In 1999, Lay sold $8 million in Enron stock back to the company. In 2000, he sold the energy giant twice that much. But annual filings for both years said only that he had repaid $4 million loans in full.

Lay’s employment agreement with Enron was amended in 1999 to allow him to sell stock back to the energy giant to repay company loans. When Hueston asked why the amendment was never disclosed to the SEC, Lay replied, “I’ll accept your representation on that. It’s not something I can confirm.”

The ex-chairman also has repeatedly explained to jurors that he learned from an internal Enron lawyer he wasn’t conducting an illegal insider trade by selling company stock back to Enron because the energy giant would ostensibly have as much information as Lay about what transpired within its walls.

The government contends Lay and Skilling repeatedly lied to investors and employees about Enron’s health, touting the company as strong when they allegedly knew accounting tricks masked flailing businesses and other problems.

The two defendants counter that no fraud occurred at Enron other than that committed by a few executives who skimmed money from secret side deals and blame bad publicity as well as a loss of market confidence for the company’s swift descent into bankruptcy proceedings in December 2001.

Lay’s company loans are unrelated to bank loans at the center of separate bank-fraud charges against him. He’ll go to trial without a jury on those counts while the Lay-Skilling jury is deliberating.

Another sticky stock issue arose Thursday that involved Lay’s son, Mark.

Hueston challenged Lay’s testimony that short-sellers helped fuel the company’s collapse by showing that Lay’s own son short-sold Enron stock.

Both Lay and Skilling contend short-sellers spread nasty rumors about Enron that year to profit from driving down the stock, adding to a lethal combination of bad publicity and lost market confidence. Short-sellers borrow stock to sell on the market and buy back at a lower price, pocketing the profit.

Hueston displayed for jurors a brokerage statement showing Lay’s son Mark shorted Enron stock four times in March 2001.

“He wasn’t trying to kill Enron in 2001, was he?” Hueston asked.

“I would think not,” Lay answered.

Hueston also sought to undercut Lay’s contention that negative articles in The Wall Street Journal in late 2001 helped fuel the company’s demise, suggesting many others questioned the company’s finances.

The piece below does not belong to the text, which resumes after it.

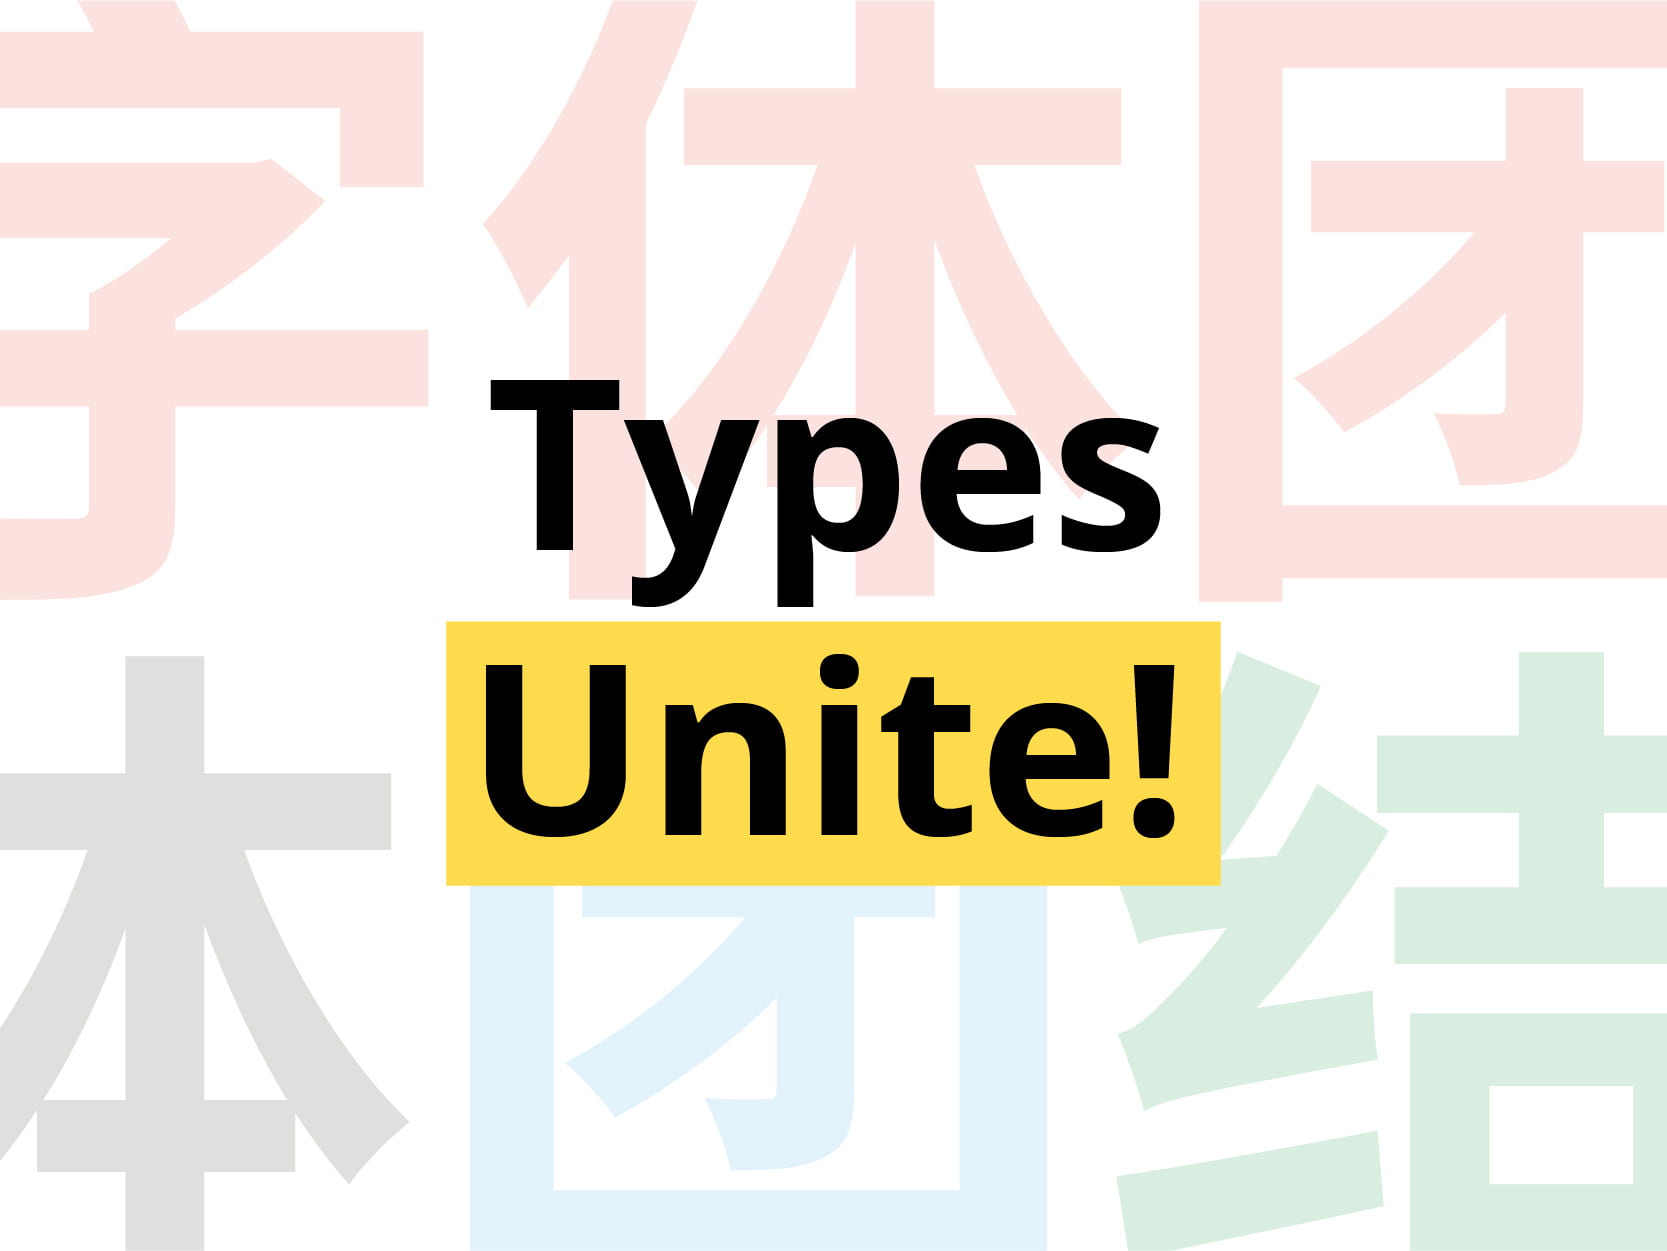 Types Unite at NTU ADM Portfolio

The prosecutor showed jurors a note published by a Prudential analyst that criticized Enron’s obfuscated disclosures and said management had an “obsession with semantics.”

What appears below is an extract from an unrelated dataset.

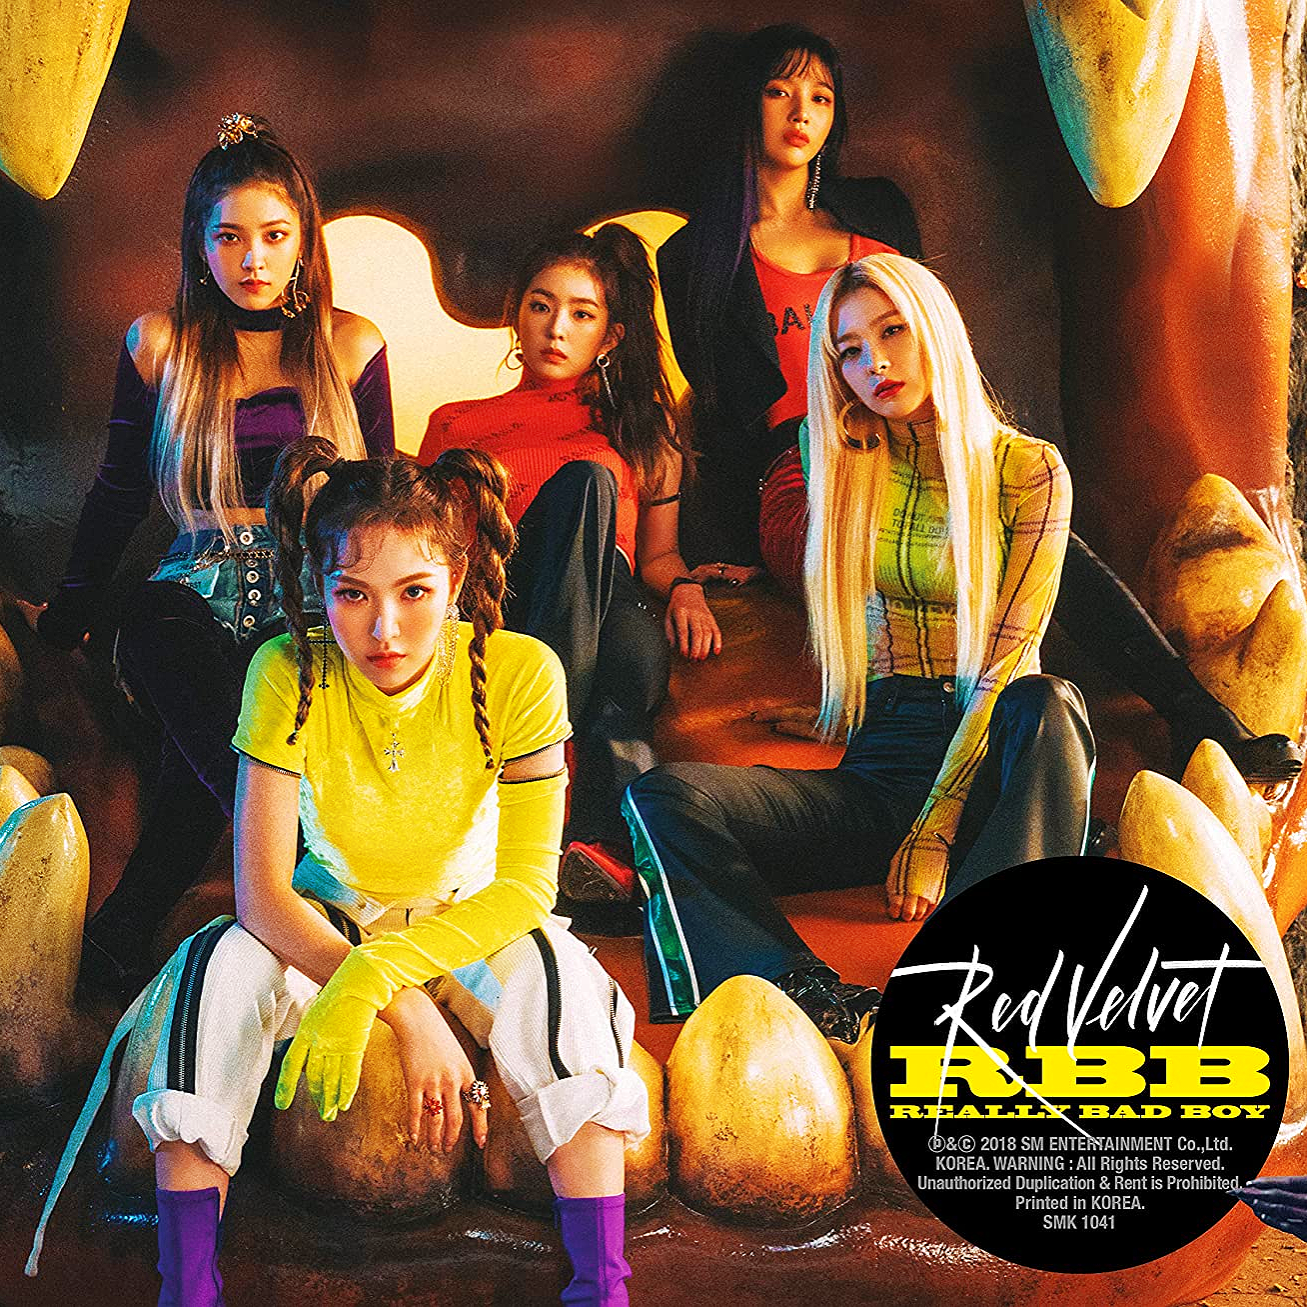 Red Velvet RBB cover artwork

When Hueston asked if “average Joe” investors could understand disclosures by Enron that had been described by prosecution witnesses as indecipherable, Lay insisted they could.

“I’d like to think that Enron didn’t have any shareholders who were average Joes,” the ex-chairman said.

Lay faces six counts of fraud and conspiracy related to the months before the company’s collapse, when he took back the role of CEO following Skilling’s resignation in mid-August 2001. Skilling faces 28 counts of fraud, conspiracy, insider trading and lying to auditors related to his activities from 1999 to 2001.

Lay’s cross-examination was to continue Thursday and was likely to stretch into Monday.